Top of DATA FOR THIS TASK
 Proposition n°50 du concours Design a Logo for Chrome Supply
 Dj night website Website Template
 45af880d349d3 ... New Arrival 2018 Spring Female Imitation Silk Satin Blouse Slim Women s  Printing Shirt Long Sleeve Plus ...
Bottom of DATA FOR THIS TASK
Top of DATA FOR THIS TASK
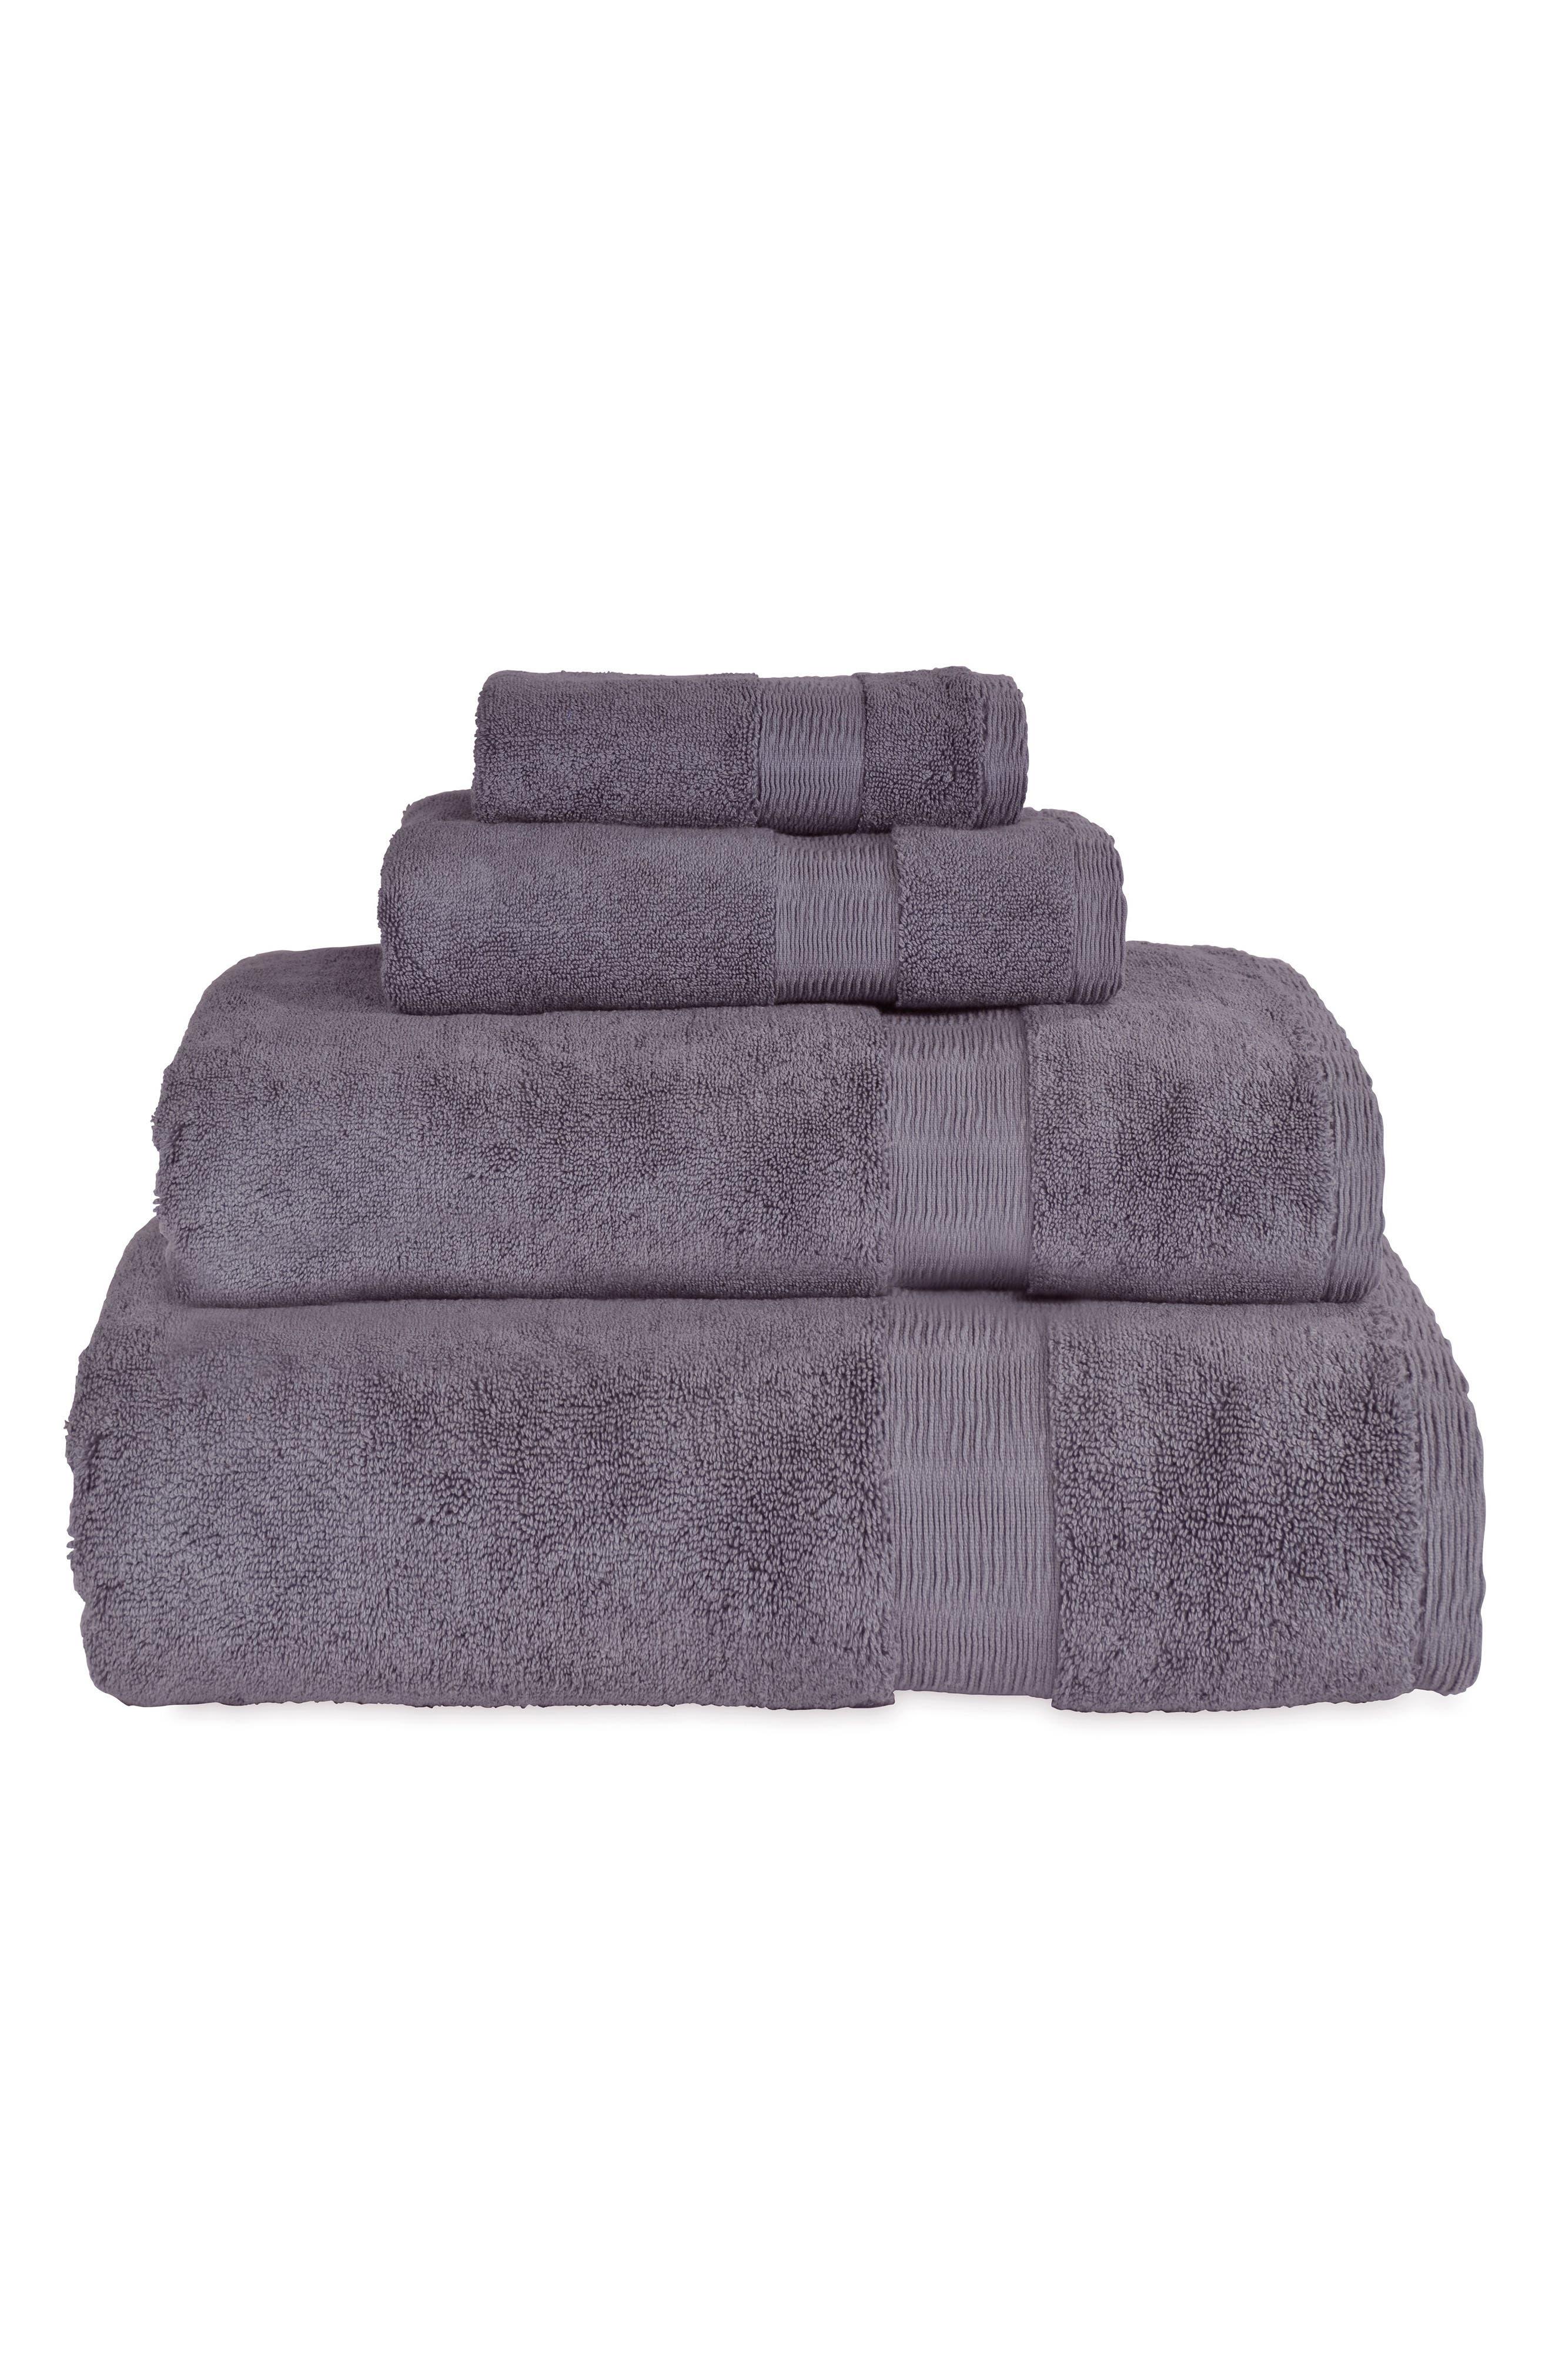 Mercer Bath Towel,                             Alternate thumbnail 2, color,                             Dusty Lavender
Bottom of DATA FOR THIS TASK
Top of DATA FOR THIS TASK
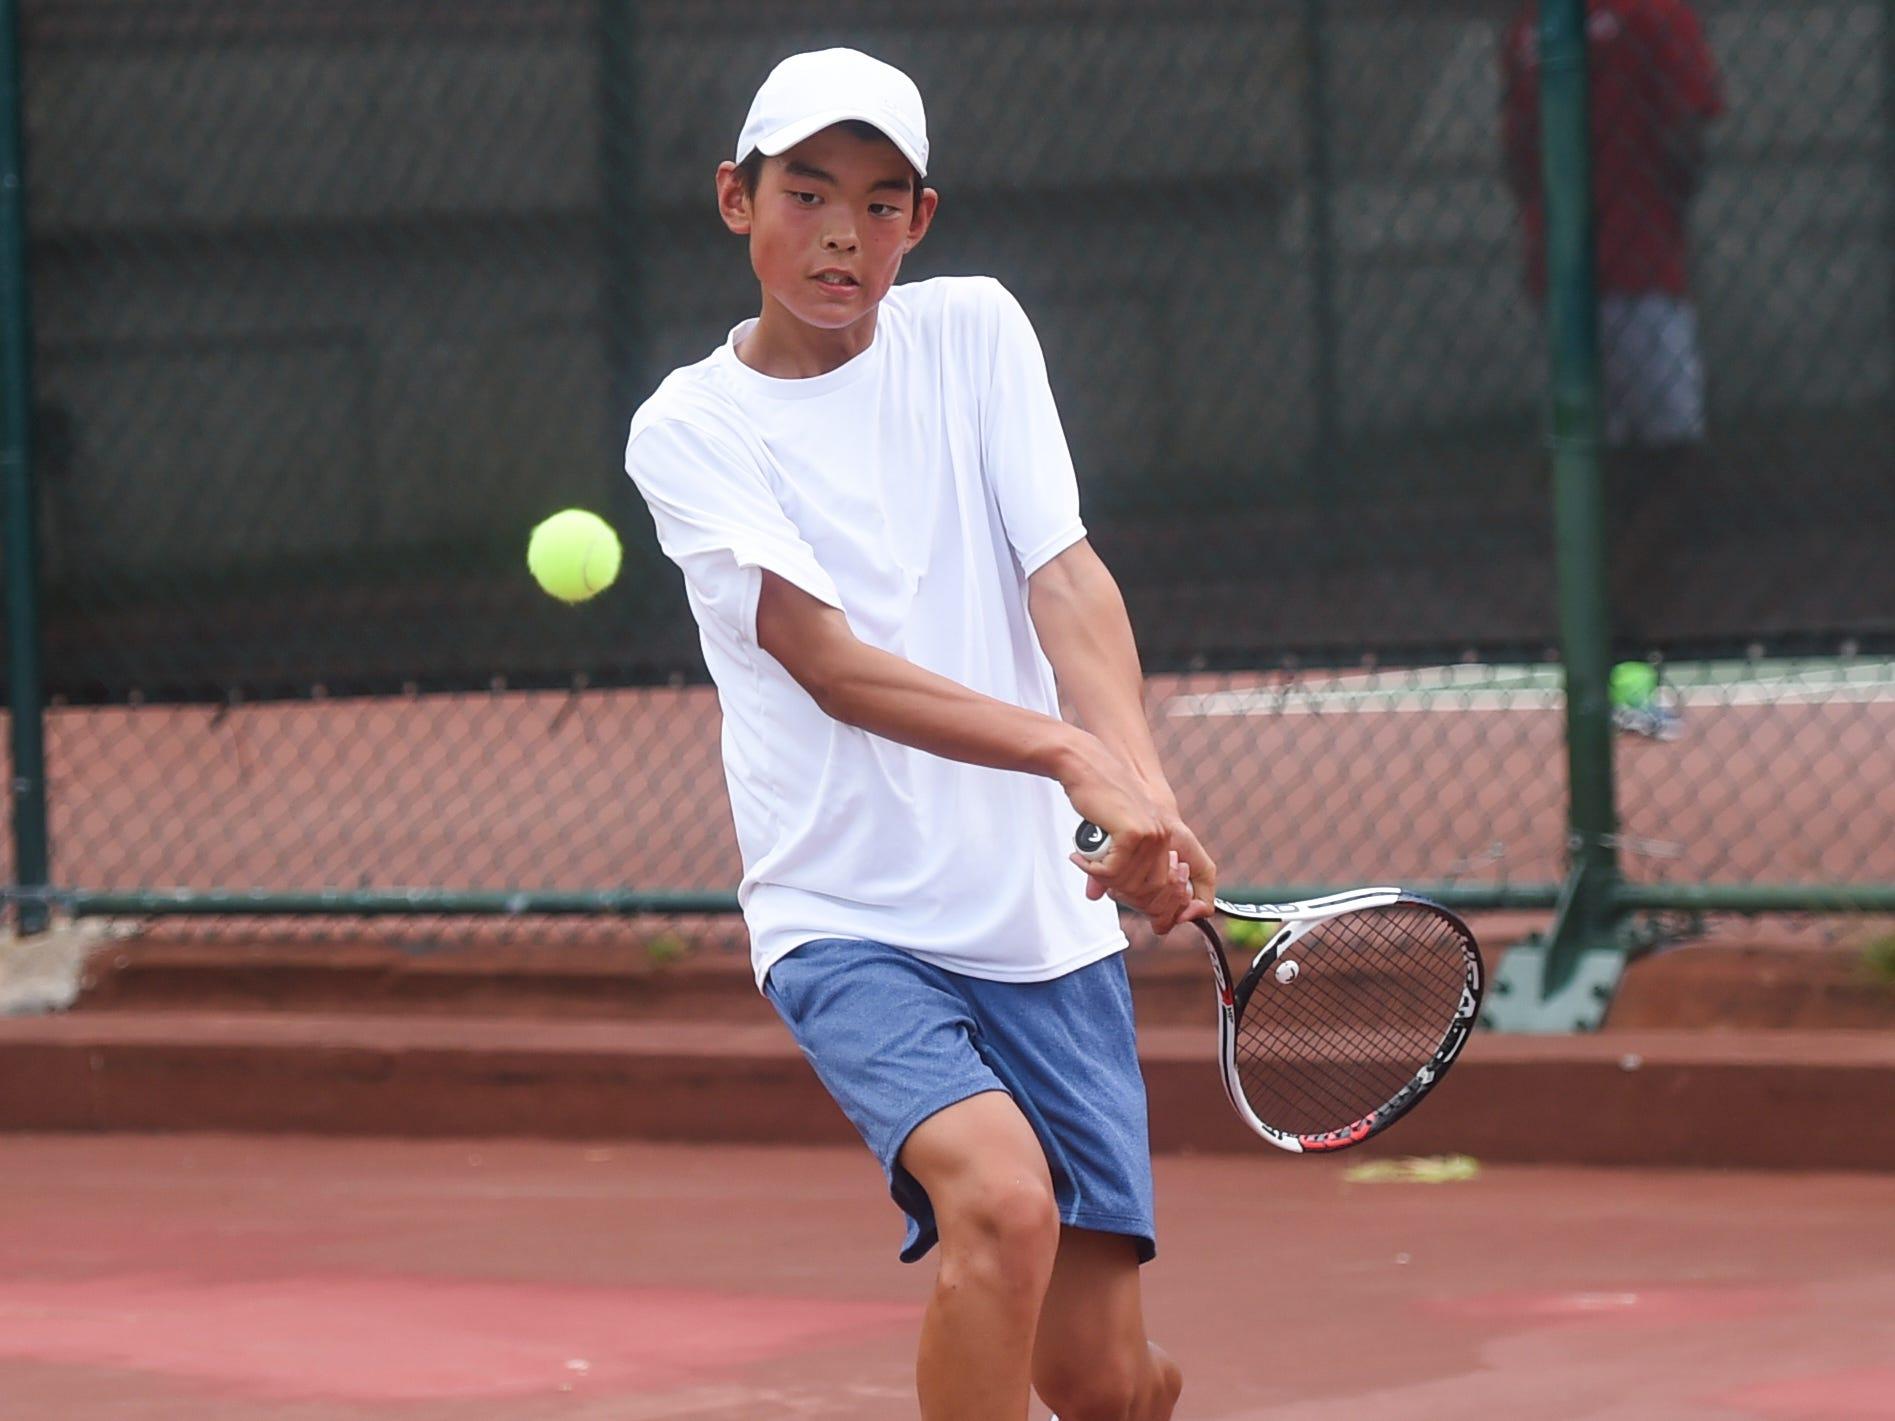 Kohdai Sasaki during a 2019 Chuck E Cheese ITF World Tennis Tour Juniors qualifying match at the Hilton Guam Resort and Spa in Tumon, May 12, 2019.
Bottom of DATA FOR THIS TASK
- **EXERCISE DIRECTIONS**: Among the records above, repeat exactly the line with "Dj night website Website Template", the line with "45af880d349d3 ... New", and every line in between, and only those.

- **COMPLETED EXERCISE**:
 Dj night website Website Template
 45af880d349d3 ... New Arrival 2018 Spring Female Imitation Silk Satin Blouse Slim Women s  Printing Shirt Long Sleeve Plus ...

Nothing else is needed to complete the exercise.